Michel LESPINASSE (walken@via.ecp.fr)
Thu, 2 Jan 1997 00:05:43 +0100 (MET)


Hi,

I've been the victim of a major disk corruption problem. I was running a
2.1.6 kernel from a few weeks, under a moderate load (about 70% of cpu
usage 12 hours a day, but this shouldn't be the problem) when I suddenly
got a dozen e2fs error messages on the console. I think that was the
"bit already cleared for inode ..." error, but I'm not sure.

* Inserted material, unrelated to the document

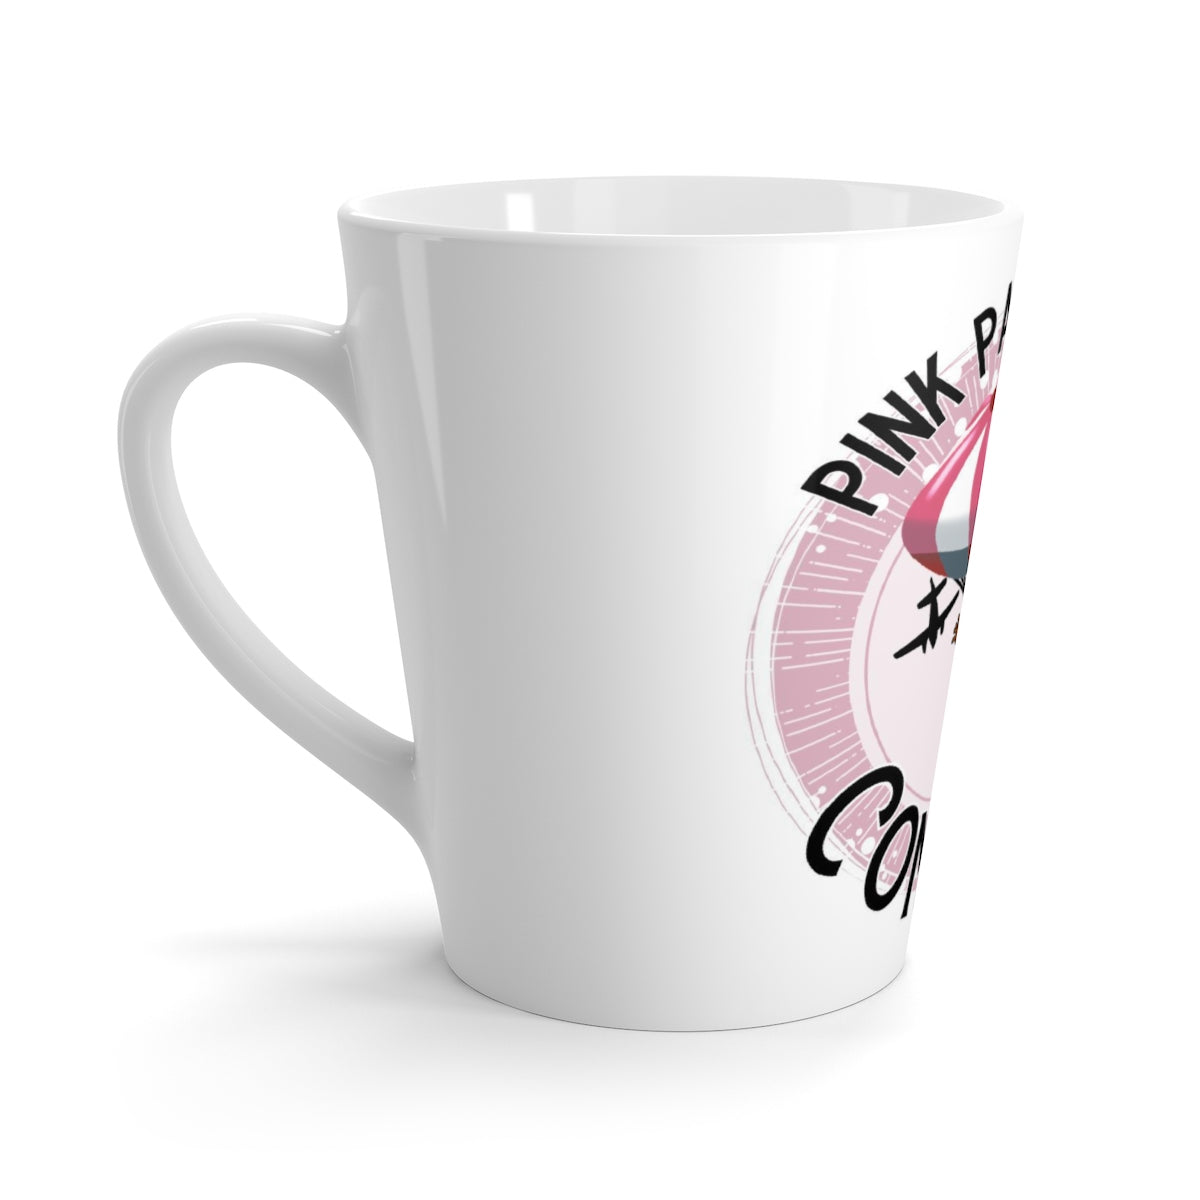 Pink Parachute Company Freestyle - Latte mug

reboot (cleanly with shutdown, not a reset), fsck in single user mode
(disk mounted read-only of course). then a lot of errors (for example lots
of block numbers > to my disk size). I didn't noticed any particular bit
pattern in this bogus block numbers (they looked like evenly distributed
32 bit numbers). Then a lot of other errors that I didn't even noticed
because I was much too bored.

Then a second fsck "just to check that everything got corrected". The
problem is, that I got a few new errors ! (but the third fsck was perfect)

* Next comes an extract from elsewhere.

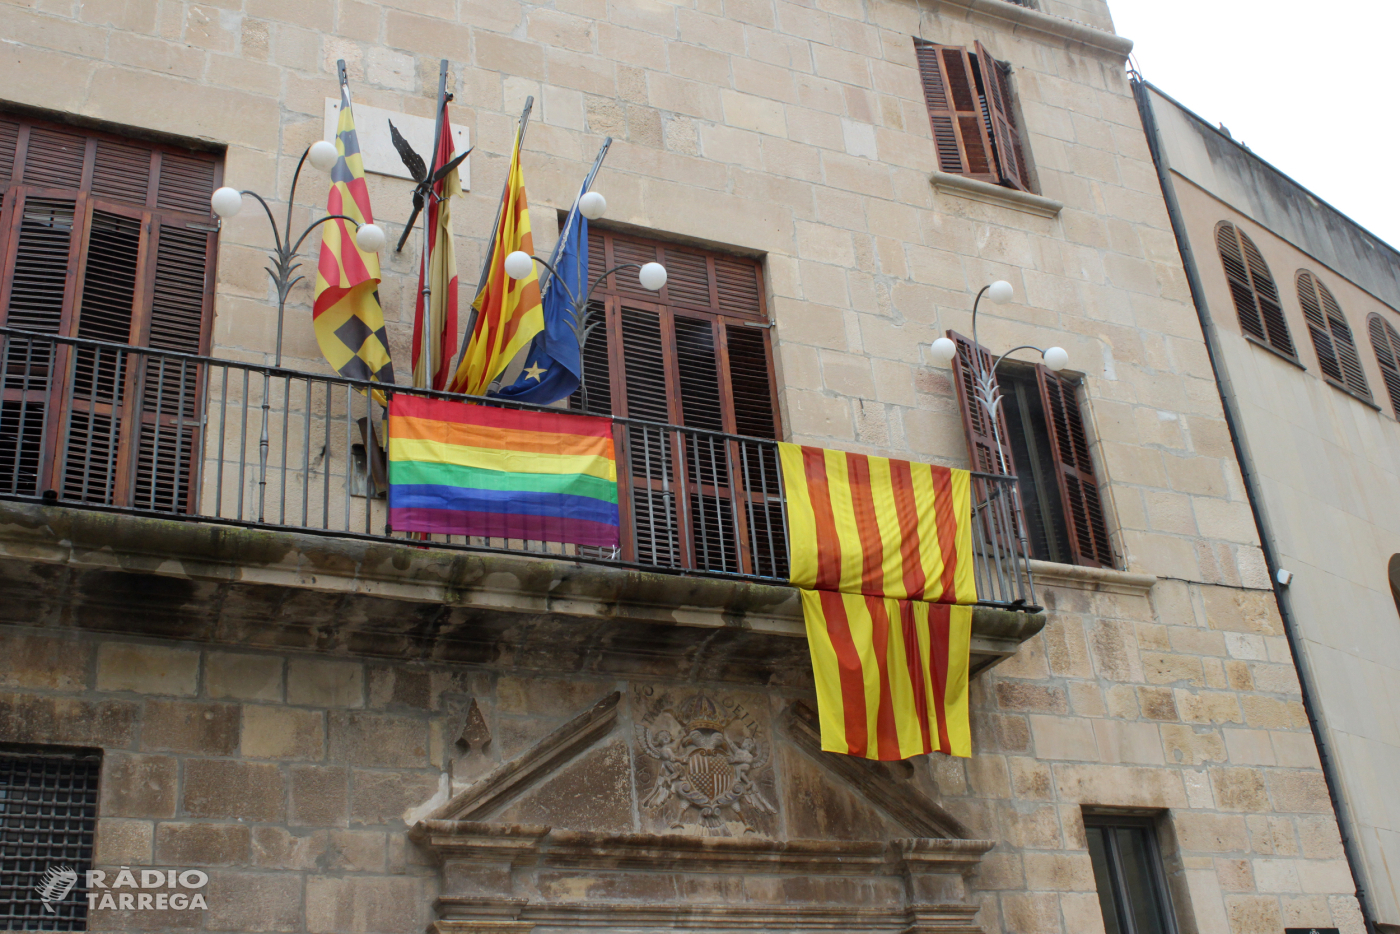 L'Ajuntament de Tàrrega posa la bandera arc iris al balcó de la Casa Consistorial com a expressió de suport a la igualtat de tracte de les persones LGTBI

Now all of my disk is gone, and all I can see in / is my lost+found
directory. I don't see it with ls, but with my shell completion feature :-/

I don't have any hope for my datas, but I think that the fsck problem on
the second run had to be reported. specifically, the errors I got on the
second run were all related to the ".." entryes of some directoryes. I
think that when e2fsck moves a directory to /lost+found, it "forgets" to
change the ".." entry. Is this an fsck bug, or am I becoming crazy ?

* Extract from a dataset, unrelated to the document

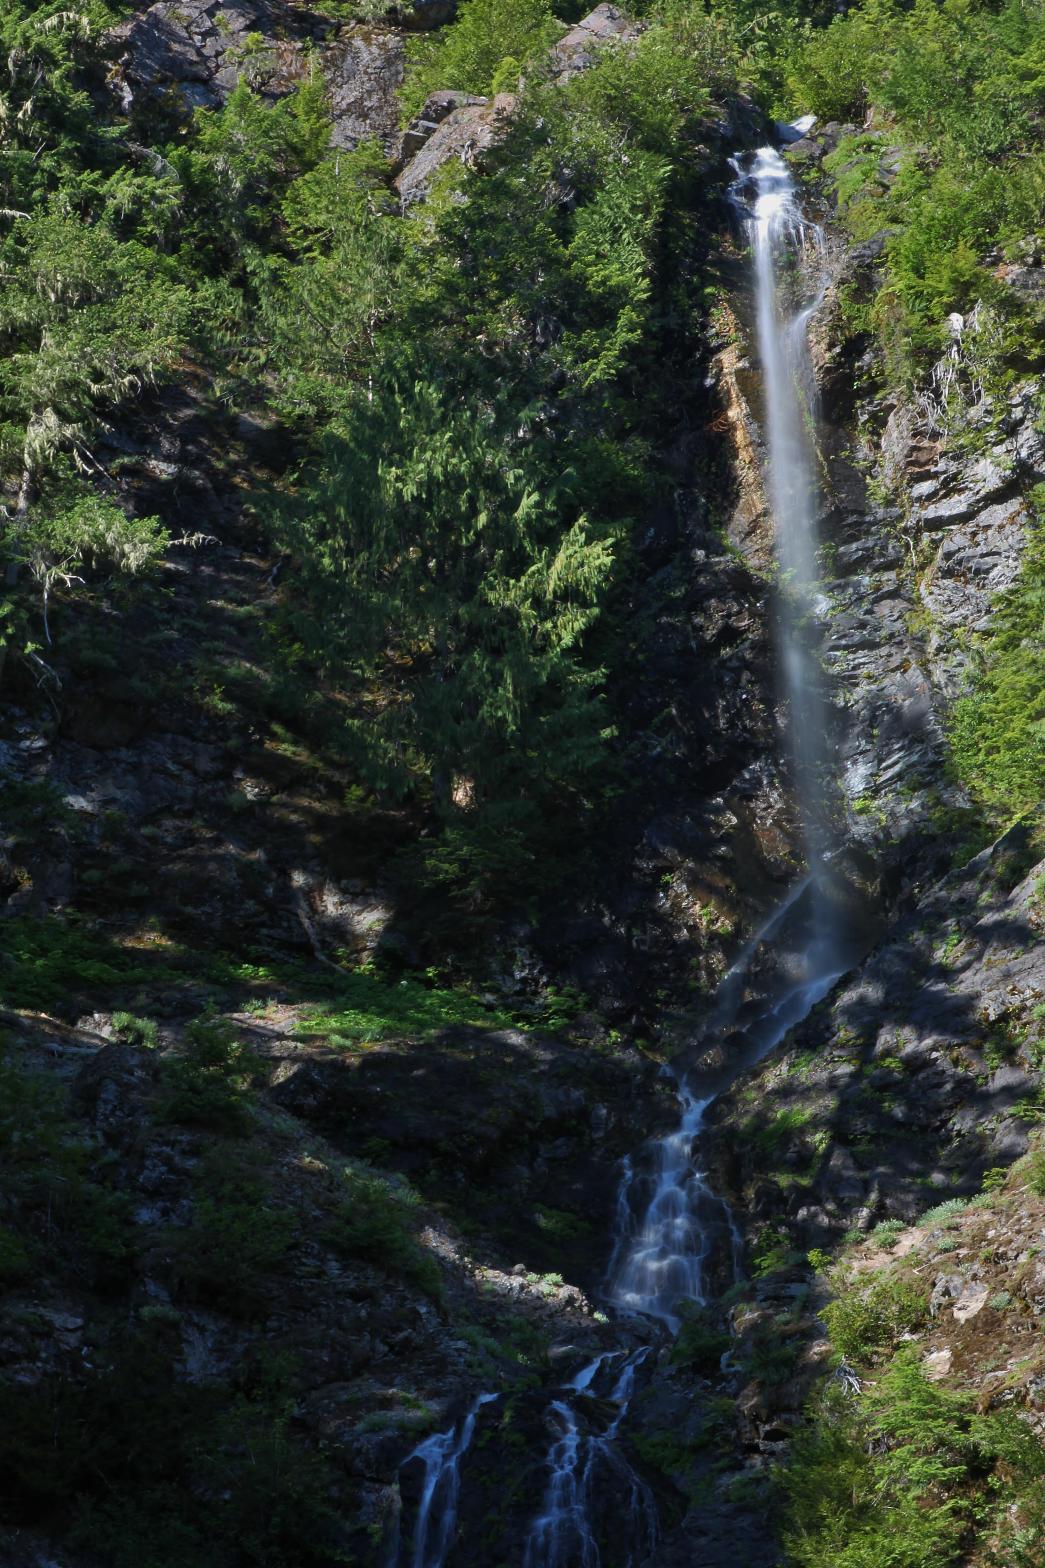 Upper half of Tamqwilas Falls

now a question : is there some known bugs in the 2.1.6 kernel that would
explain my corruption problem, or should I doubt about my hardware ? as I
said, I didn't noticed any particular bit patterns, but still I'm worried.
I wouldn't like this to happen again.

my (dead) configuration :
kernel 2.1.6 (with the memcpy patch)
e2fsck 1.06
IDE disk, triton chipset (DMA disk access used)
P133 with 32 megs (but I doubt this could be important)

Michel "Walken" LESPINASSE - Student at Ecole Centrale Paris (France)
www Email : walken@via.ecp.fr
(o o) VideoLan project : http://videolan.via.ecp.fr/
------oOO--(_)--OOo-------------------------------------------------------
Yow ! 1135 KB/s remote host TCP bandwidth over 10Mb/s ethernet. Beat that!